I was reading newspaper over breakfast this morning and decided not to reach out for the salt shaker for my sunny-side up egg.
According to Dr Myron Weinberger, a professor of medicine at Indiana University School of Medicine, “Most people think that sodium comes from the salt shaker. The salt shaker contributes less than 10 to 15 per cent”.
So where did we built up all that high sodium in our system? How did some of our eating habits contribute to weight problems?
We are fighting for time so meal-on-the-go is fast getting to be the way of life for many working folks. In general, process food and those heat-up-and-ready-to-eat food contained high sodium to promote a longer shelf life and excite your taste buds.
When we load up on too many salty meals and snacks, the sodium in such processed food made us thirsty. Instead of reaching out for a glass of water, we further load ourselves with empty calories by consuming sodas, colas, coffees, teas etc. These drinks and beverages are heavy with sugar. So one fastest way to cut back calories is to cut back on salt.
Reducing salt in manufactured food can be done but it is an initiative that must be taken by the food industry. Unless there is serious health complication, no government authorities will intervene and insist on low salt.

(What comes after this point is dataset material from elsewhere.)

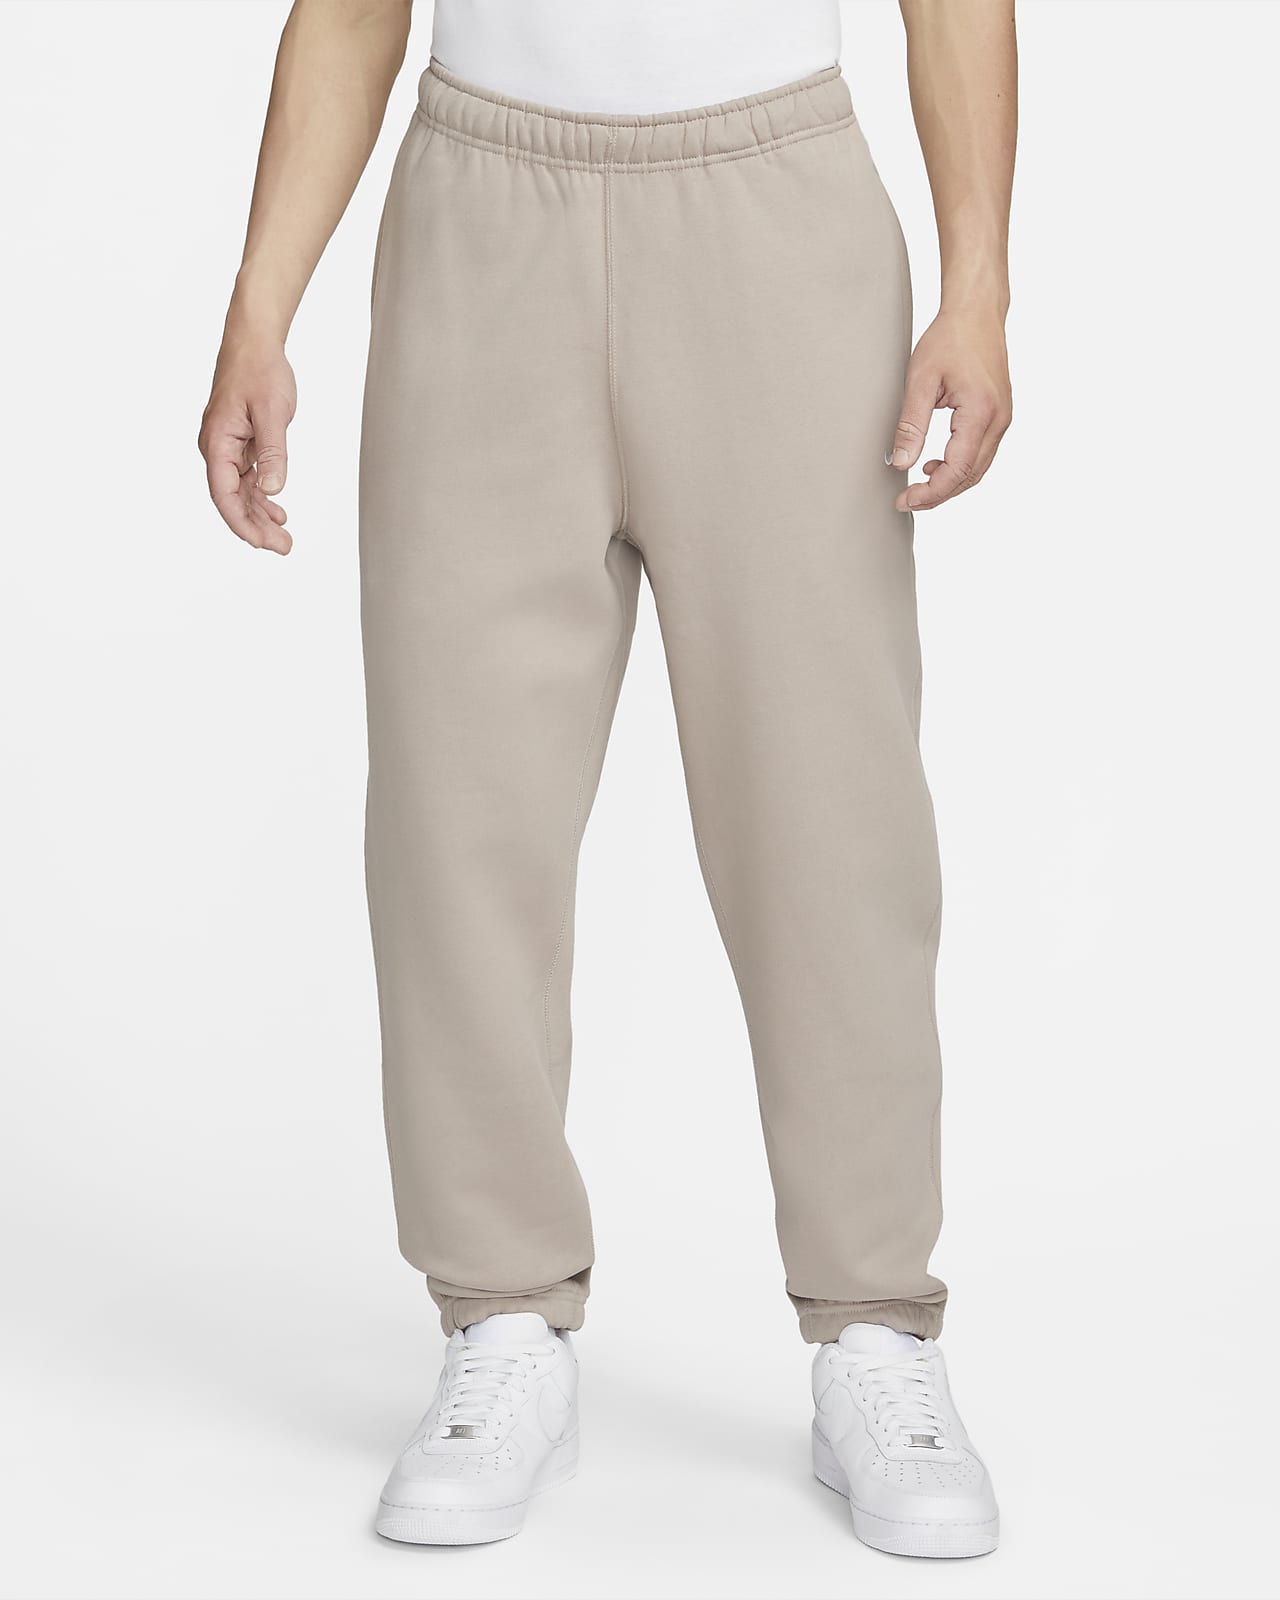 Nike Solo Swoosh Men's Fleece Pants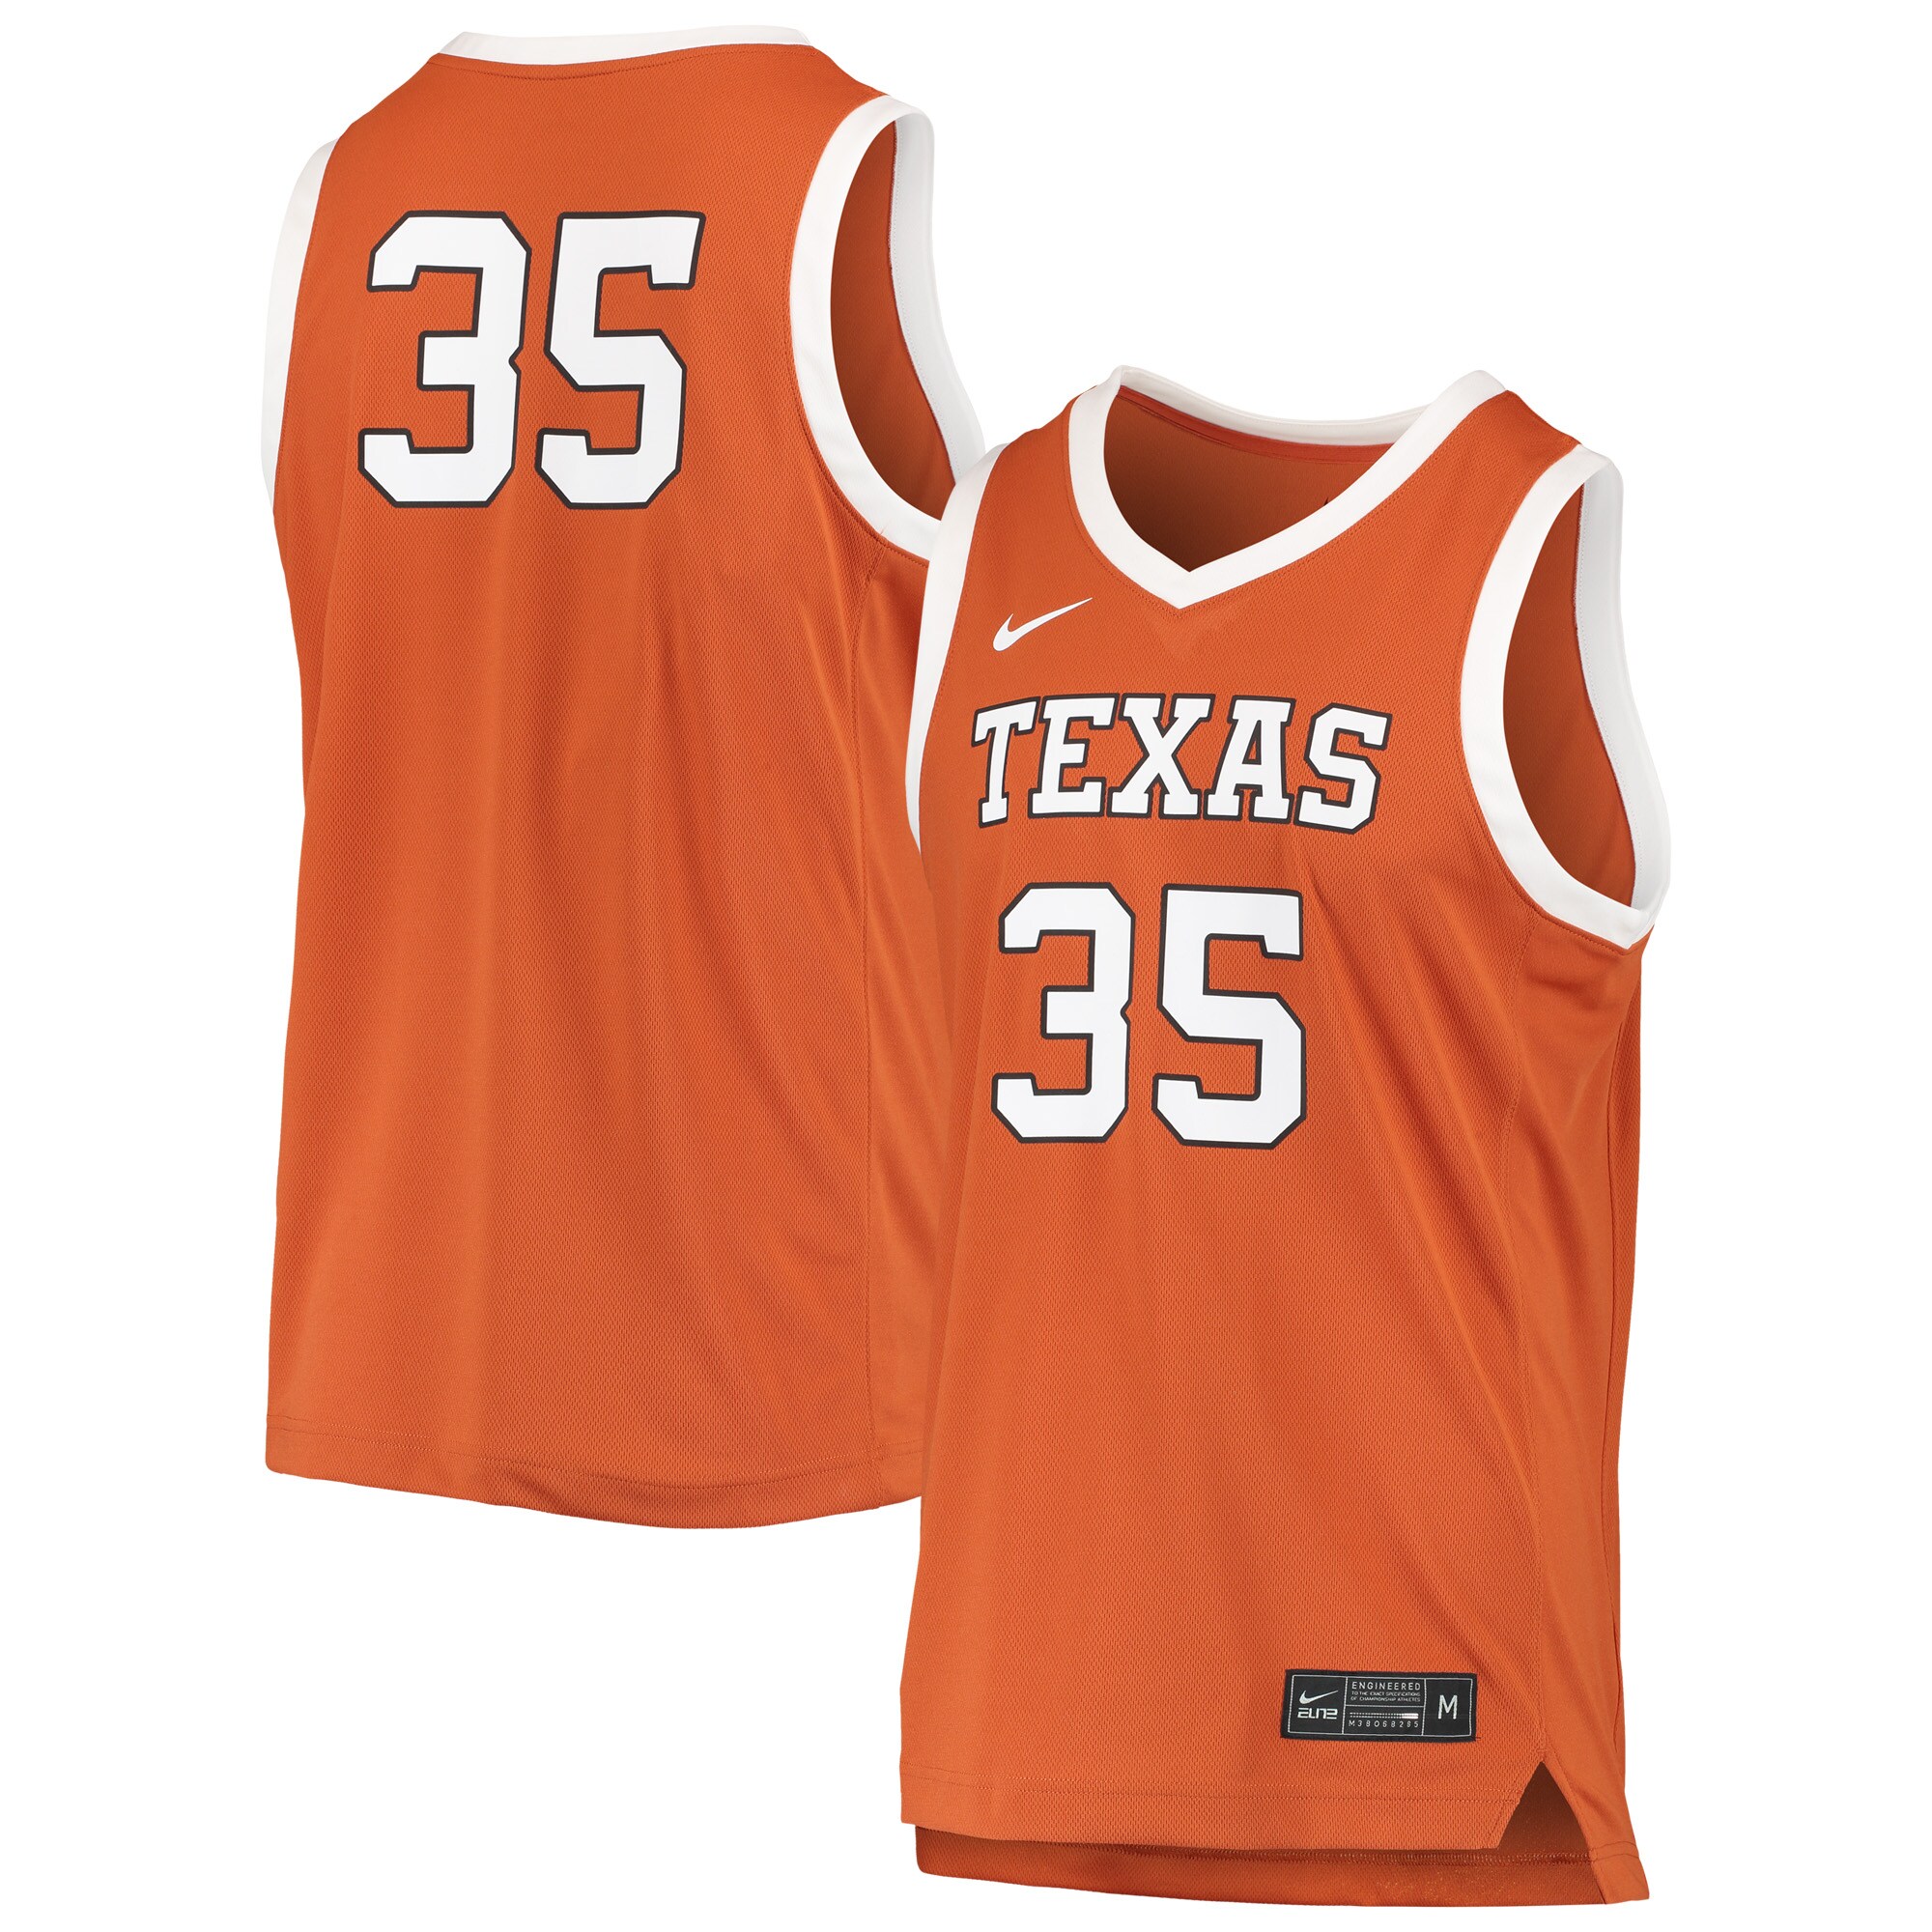 #35 Texas Longhorns Replica Women'S Basketball Jersey - Texas Orange For Youth Women Men

According to a study based on the 1997 diet data from Great Britain’s National Diet and Nutrition Survey, researchers suggested that cutting in half the amount of salt British children consume – a decrease of about half a teaspoon a day – would lead to an average reduction of about 510g of sugar-sweetened soft drinks per week.
Salt leads to thirst, thirst leads to soft drinks and soft drinks lead to fat abs, poor health and a big hole in our pockets. Don’t believe? Just ask those folks above 40 years old if they have started to spend more on medical, gym, slimming and insurance either for themselves or their parents.